# 2006 Trek 1200



## AppleCyclingComputer (Aug 3, 2005)

I was told by my LBS that they would be getting the 2006 Trek 1200 sometime next week. Has anyone seen this bike yet? If so, how do the specs compare with the previous model? Pics?


----------



## AppleCyclingComputer (Aug 3, 2005)

Still no luck finding more info on the 1200. I wrote an e-mail to Trek, but I won't hold my breath on a response. I did find a 2006 Trek 1000 on ebay.


----------



## boris the blade (Aug 5, 2004)

I dont think that the 2006 1200s have been recieved by trek yet. As for the 1000 I know it went up $60 and the parts are the same.


----------



## AppleCyclingComputer (Aug 3, 2005)

Update: I still haven't gotten any new info on the 1200. However, I got curious as to what Trek has hidden on its website, so I did a google search.

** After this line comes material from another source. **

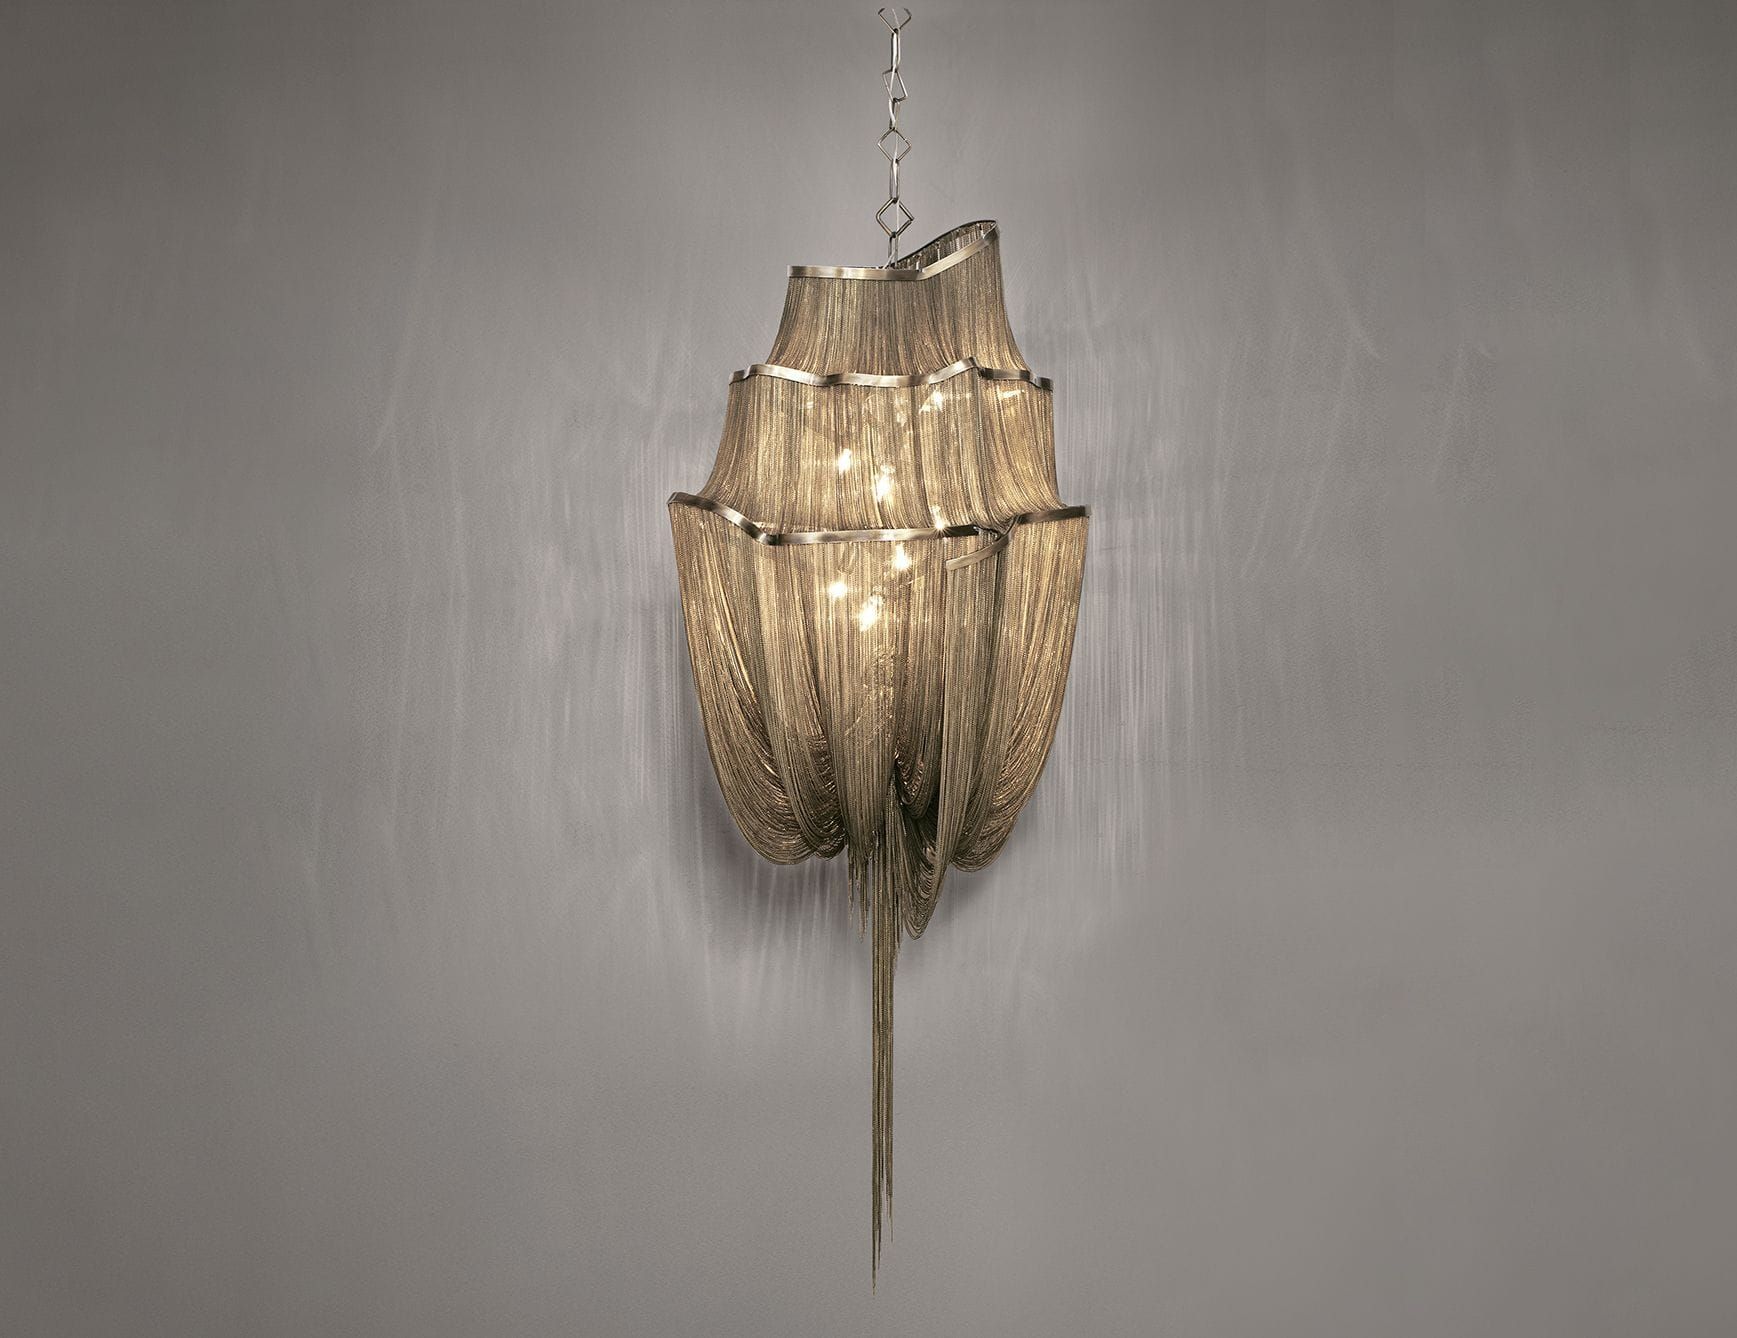 Atlantis contemporary Italian chandelier with nickel metal

Type the following into google to see the 2006 Trek bikes coming out (still no 1200, and a few other models are missing).

2006 site:www2.trekbikes.com

I think the 2006 Team Time Trial is the coolest of the bikes turned up by the search, but I wonder if it's the TTTx team Disco used in the Tour this year (the specs don't mention anything about boron).


----------